Permian producers realize prices closer to WTI Midland than WTI Cushing
Oil and gas producers in the Permian Basin in West Texas suffer when the price of WTI (West Texas Intermediate) crude priced in Midland, Texas (WTI Midland) decreases relative to the domestic benchmark crude of WTI priced at Cushing, Oklahoma (WTI Cushing). Note that WTI Cushing is generally accepted as the U.S. benchmark for crude prices, as it’s a major storage and transportation hub for oil.
Permian producers suffer when WTI Midland crude decreases relative to WTI Cushing crude, as the price they realize on their oil is generally closer to the Midland crude price and when Midland crude prices decrease, they receive less revenue from the oil they produce. Some companies that this affects include Pioneer Natural Resources (PXD), Laredo Petroleum (LPI), Concho Resources (CXO), and EOG Resources (EOG).
Background: Why Midland and Cushing crudes have traded out of line
Midland crude had historically traded in line with WTI, as the above graph shows. However, over the past few years Permian production has ramped up significantly. Consequently, any disruption in takeaway capacity, which had been tight, caused spreads to blow out. For instance, if a pipeline that normally takes crude out of the Permian goes down for some reason, the crude must be redirected to other pipelines or find other transport. If these other options are fully used, it could cause a temporary glut of Permian crude, pushing prices downward. Plus, takeaway capacity in the Permian had lagged growth in production for some time, which had caused a price divergence between WTI Midland and WTI Cushing. Companies in the Permian generally receive a price closer to WTI Midland crude than WTI Cushing, so this price divergence had hit the revenues of Permian producers.

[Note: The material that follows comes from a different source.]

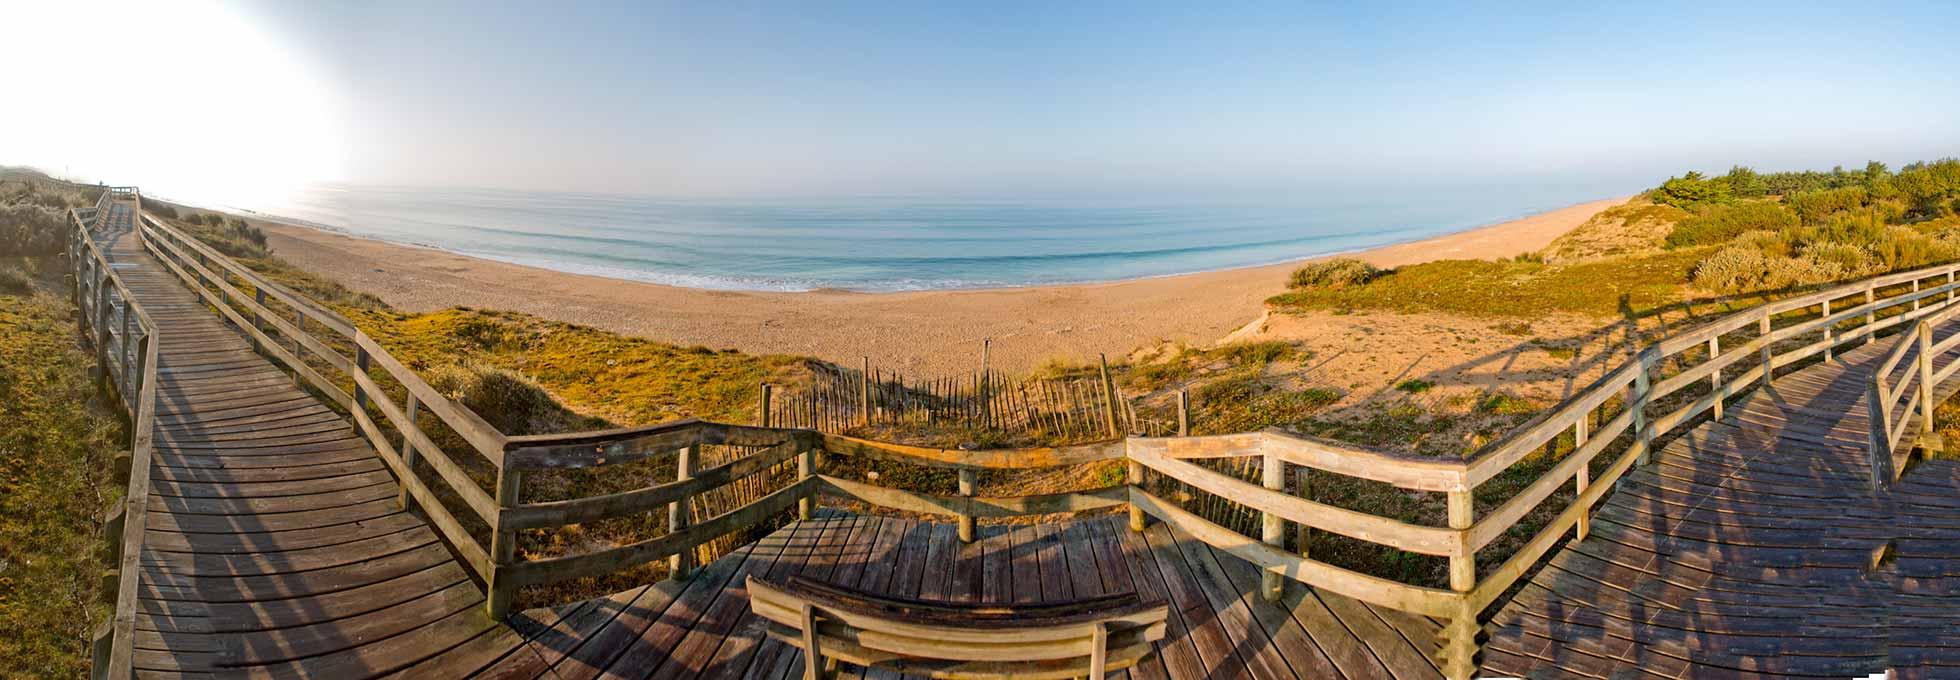 Camping Ile De Ré Bois Plage - Le Bois plage en Re tourisme village du bois plage depuis camping

Midland has traded at points at a slight premium to Cushing, as infrastructure such as Magellan Midstream Partners’ (MMP) Longhorn pipeline have started service and helped to alleviate bottlenecks in the area. Also, Sunoco’s Permian Express Pipeline and the reversal of Magellan Midstream Partners’ Longhorn Pipeline are allowing more crude from the Permian Basin in West Texas to flow directly to the Gulf Coast, where much refining capacity sits, and bypassing the glut of crude that has accumulated at the Cushing storage hub.
The spread has recently widened again
Since early October, the spread between WTI Midland and WTI Cushing widened from near par to as wide as $7 per barrel. Currently, Midland trades around $4 per barrel below Cushing.
Pioneer Natural Resources (PXD) commented that this may have been a result of some disruptions on the Longhorn Pipeline, which is operated by Magellan Midstream Partners (MMP). The Longhorn Pipeline carries crude oil from West Texas (the Permian Basin region) to the Gulf Coast, where much refining capacity is. PXD noted that the Longhorn Pipeline was set to ramp up to 225,000 barrels per day, but “had some hiccups getting up to their full 225.” Also, an outage at a refinery in the Texas Panhandle affected demand for some Permian Basin crude, causing the spread to widen. PXD also commented that the takeaway capacity for Permian crude is still “very, very tight and will be tight until the next pipeline comes on mid 2014 and then two more in the first half of 2015, and so every time there’s a hiccup… it blows out.”
Though the spread between Midland and Cushing crude closed in earlier this year, in recent weeks, it has widened again. Further disruptions to Permian takeaway capacity could impact revenues of companies with production there. More capacity coming online, such as the reversal of the Longhorn Pipeline, can mitigate these risks. Investors holding names with Permian exposure such as CXO, LPI, PXD, and EOG may find it prudent to monitor the Midland-WTI spread. Also, several names with Permian exposure can be found in the Vanguard Energy ETF (VDE) and SPDR Oil & Gas Exploration & Production ETF (XOP).